— Data to use —
*** Begin section ***
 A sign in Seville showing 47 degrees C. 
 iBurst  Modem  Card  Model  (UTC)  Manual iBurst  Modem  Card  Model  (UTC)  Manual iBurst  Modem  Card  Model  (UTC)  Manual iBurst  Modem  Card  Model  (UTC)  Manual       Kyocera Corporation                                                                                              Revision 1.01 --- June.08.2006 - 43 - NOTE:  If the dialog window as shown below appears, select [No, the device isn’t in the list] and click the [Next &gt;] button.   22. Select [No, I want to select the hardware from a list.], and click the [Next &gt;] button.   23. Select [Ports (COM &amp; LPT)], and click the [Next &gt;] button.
*** End section ***
*** Begin section ***
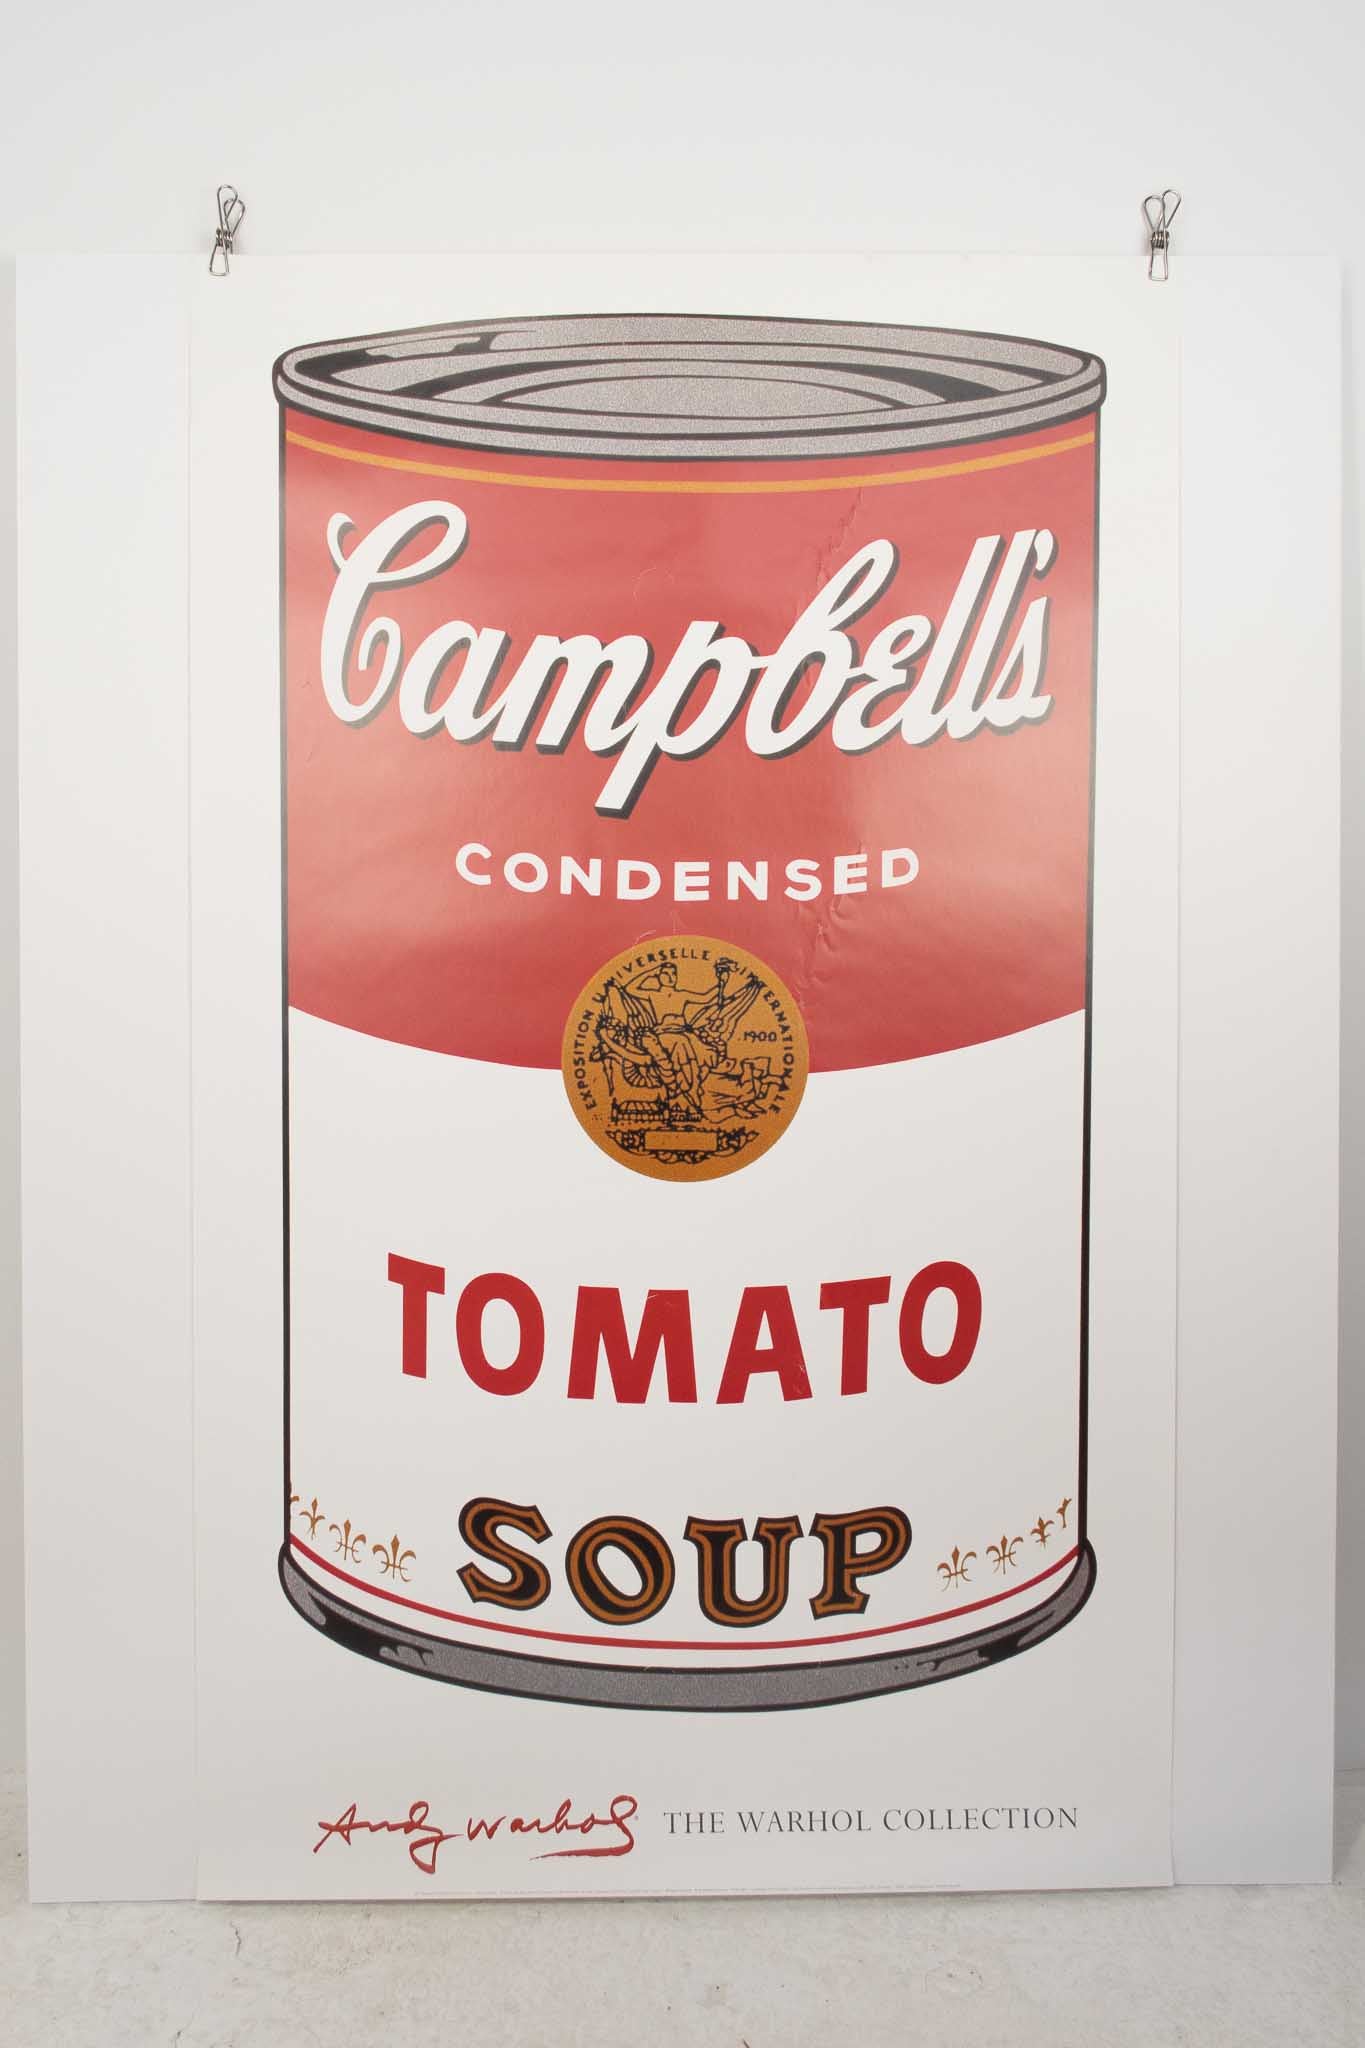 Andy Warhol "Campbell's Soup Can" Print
*** End section ***
— Brief —
Everything from the line with "A sign in Seville showing 47 degrees C." through the line with "LPT)], and click the [Next &gt;] button." should be written out exactly as it appears above, end lines included, and nothing outside that range.

— Solution to this exercise —
 A sign in Seville showing 47 degrees C. 
 iBurst  Modem  Card  Model  (UTC)  Manual iBurst  Modem  Card  Model  (UTC)  Manual iBurst  Modem  Card  Model  (UTC)  Manual iBurst  Modem  Card  Model  (UTC)  Manual       Kyocera Corporation                                                                                              Revision 1.01 --- June.08.2006 - 43 - NOTE:  If the dialog window as shown below appears, select [No, the device isn’t in the list] and click the [Next &gt;] button.   22. Select [No, I want to select the hardware from a list.], and click the [Next &gt;] button.   23. Select [Ports (COM &amp; LPT)], and click the [Next &gt;] button.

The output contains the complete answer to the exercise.